Citing losses, the supermarket chain Wegmans announced that it had halted the use of its self-checkout app in which customers scanned their groceries as they shopped.
The company did not specify the amount of losses or indicate whether they were from thefts or from customers who forgot to scan certain items, but it said in a statement that it was discontinuing the app’s use until it could make improvements “that will meet the needs of our customers and business.”
The app, known as SCAN, was introduced early in the pandemic to provide a contactless option for grocery shopping, the company said. Customers could scan each grocery item they picked up as they moved through a store. To pay, they would scan a bar code at the self-checkout register, which would pull the total from the app.
“SCAN users have told us they love the app and convenience it offers,” Wegmans said in a statement. “Unfortunately, the losses we are experiencing prevent us from continuing to make it available in its current state.”
Wegmans, popular in the northeastern United States, said it would introduce new digital ways to streamline shopping. It was unclear where the app was available and what the company’s losses amounted to; a company representative could not be reached for further comment. Wegmans has 107 stores, with 48 in New York and the rest in Pennsylvania, New Jersey, Virginia, Maryland, Massachusetts and North Carolina.
Wegmans sent an email to frequent users of the app to offer them a $20 coupon for the inconvenience. A number of shoppers shared their disappointment about the app going out of service, saying on Twitter that it made their grocery trips more efficient.
At grocery stores, there are three main options for self-checkout systems.
One is an app, like the one Wegmans used, in which shoppers scan items as they go through a store.
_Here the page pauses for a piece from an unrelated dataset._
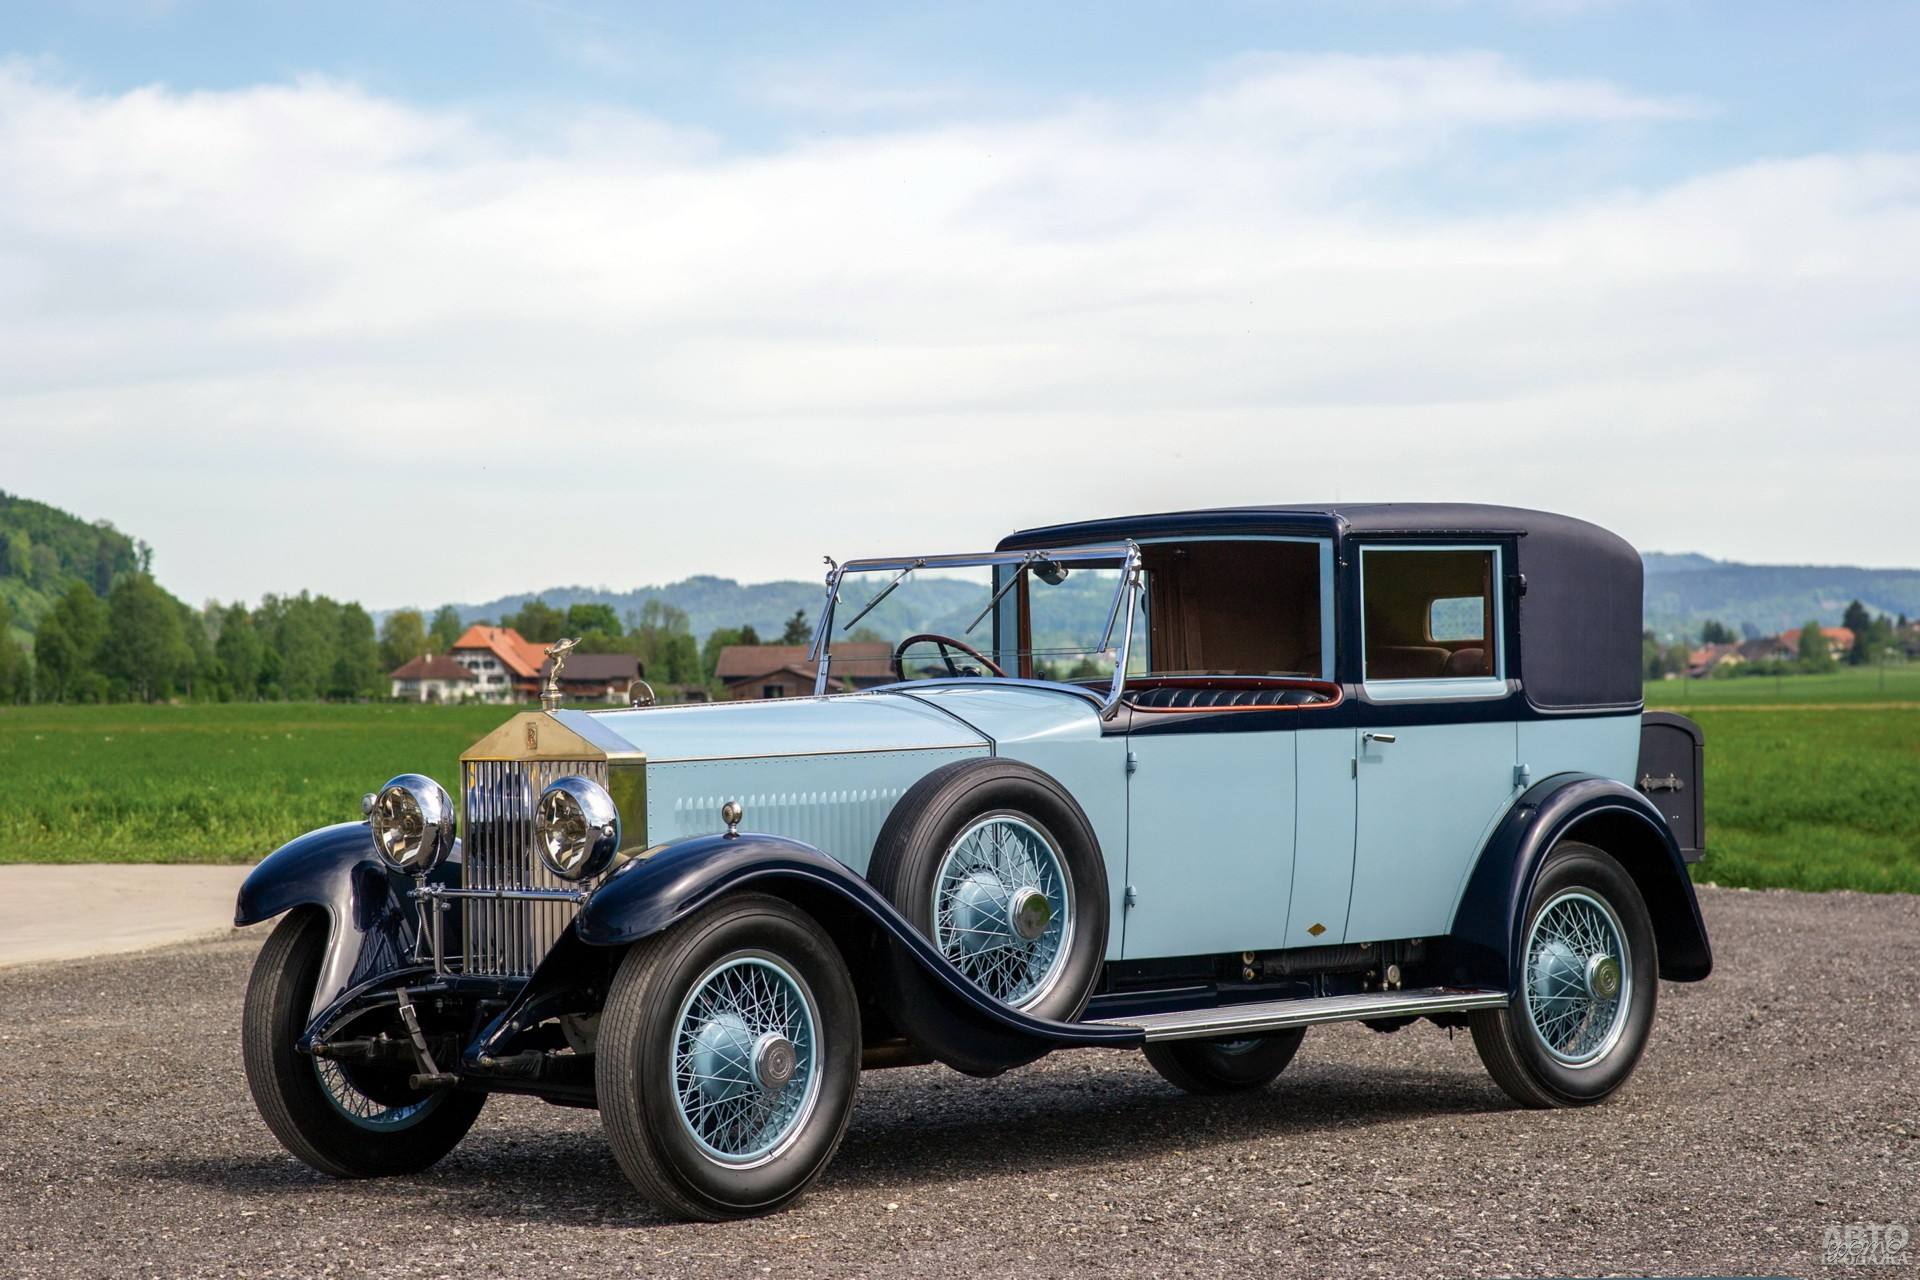 Усовершенствованный Rolls-Royce Silver Ghost 1920 года

There are also self-checkout lanes, near the traditional registers that are staffed by store workers, in which shoppers scan and bag their purchases. An employee usually stands near these lanes to help with any complications.
A third was spearheaded by Amazon at its brick-and-mortar Amazon Go stores: Shoppers put items into their carts, and their accounts are automatically charged upon leaving without having to stop at a register. This approach relies on technology such as sensors and cameras that detect when an item is removed from a shelf and placed into a customer’s cart.
Self-checkout systems were developed to help speed up grocery shopping, said Ray Wimer, a professor of retail management at Syracuse University. He said he had noticed the systems improve in efficiency over the past two decades.
A study of retailers in the United States and Europe released in 2016 found that retailers with self-service lanes and apps had a loss rate of about 4 percent, which is more than double the industry average.
Walmart suspended the use of its Scan & Go app in 2018, four months after introducing it to more than 100 stores. The app had low participation, the company said. A former Walmart executive, Joel Larson, told Business Insider that the app was also phased out in part because of theft.
“Retailers in particular are very sensitive to loss prevention issues because the margins in their business are tighter, especially the grocery store retailers,” Mr. Wimer said.
The self-checkout lanes with an employee monitoring customers are more likely to remain in stores, he said. But he did not believe a cashier could ever be fully replaced, which was the concern when this system started. Self-checkout options still run into issues with scales and sensors that can hold up a line, and some customers prefer to avoid the possibility of that delay.
The Amazon-style system, which seems to prevent much of the loss present with other self-checkout apps, is expensive for companies to set up because of the technology required, Mr. Wimer said.
Responses to self-checkout options vary based on age, said Judy Mottl, the editor of Retail Customer Experience, a website with news about commerce, technology and consumer behavior. Younger people may be more inclined to use self-checkout options, but some customers are concerned about security and privacy as it is unknown how much data is stored with options like apps.
More companies experimented with self-checkout options at the onset of the coronavirus pandemic, said Neil Saunders, managing director and retail analyst at GlobalData Retail, a company that provides insights on the retail market. Shoppers desired minimal contact for safety, and avoiding in-person interaction at the register provided that. The pandemic also prompted an increase in online shopping for groceries.
The shrinkage rate, or amount of theft, typically rises in retail stores when the cost of living increases, Mr. Saunders said. Inflation accelerated in 2021 partly because of soaring demand combined with supply chain disruptions. It was exacerbated in 2022 as the war in Ukraine caused fuel and food prices to surge.
“It’s a shame for customers because it deteriorates what is a very fast and efficient service,” Mr. Saunders said. “But as far as Wegmans is concerned, I think they have one eye at the bottom line, and they’re finding that the losses from this system are just too great.”